Shortest network in 3D

Imagine a set of points in three dimensions. You want to connect the points with the shortest possible network. Sometimes you can make the network shorter by adding extra points. (These extra points are called Steiner points.) How much can extra points help? The answer is worth $1,000.

Here’s an example. Suppose our points are the corners of a unit cube. You can connect these points with a network of length 7. If you add a point in the center of the cube and connect every point to the center, you get a network of length 4 √3 = 6.928. So in this case, adding an extra point made it possible to reduce the size of the minimal spanning network by about 1%. You could do better by adding more points.

What is the most you can reduce the length of the minimum spanning network in three dimensions by adding extra points? The question concerns all possible sets of points, not just a particular set like the example above. It is conjectured that the most you can save is about 21.6%. That is, for any set of points, the ratio of the length of the shortest network with extra points to that of the shortest network without extra points is bounded below by

\sqrt{ \frac{283-3\sqrt{21}}{700} + \frac{9\sqrt{11 - \sqrt{21}}\sqrt{2}}{140}}

In their new book Magical Mathematics, Persi Diaconis and Ron Graham say “We currently offer a thousand dollars for a proof (or disproof) that this ratio is the best possible.”

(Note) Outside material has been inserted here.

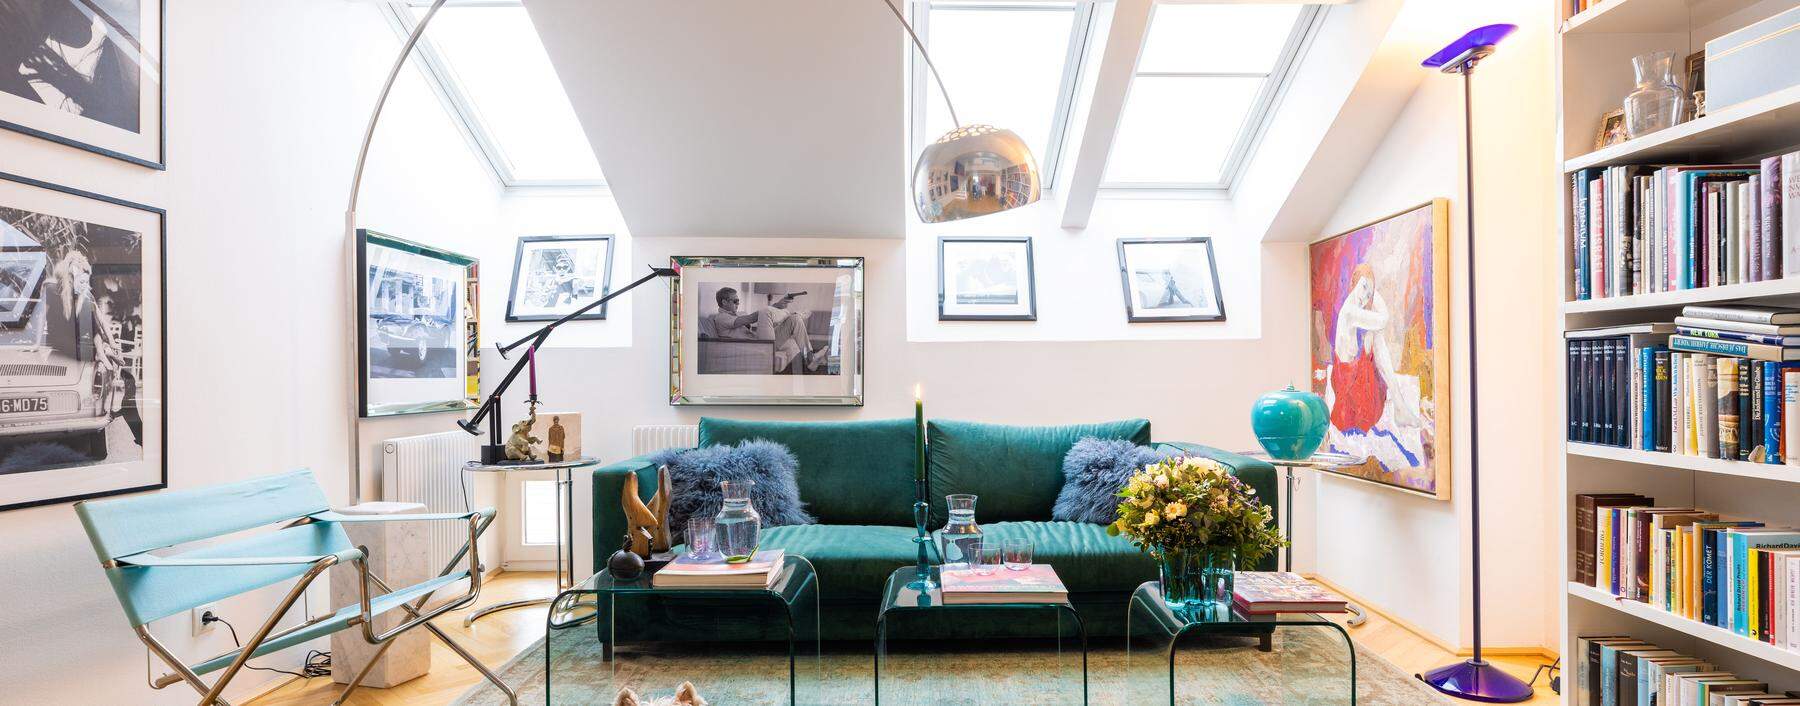 Großer Raum, kleiner Piti: Der West Highland Terrier bewacht Fotos, Gemälde, Lampen und das „mutige“ grüne Sofa.

As unwieldy as the number above appears, it makes some sense. It looks like the square roots come from repeated applications of the Pythagorean theorem. Someone may be able to reverse engineer the example the conjecture is based on by using the form of the proposed lower bound.

(Diaconis and Graham say that the corresponding problem in two dimensions have been solved and the optimal ratio is √3 / 2. However, this paper says that the conjecture is still unresolved, contrary to popular belief.)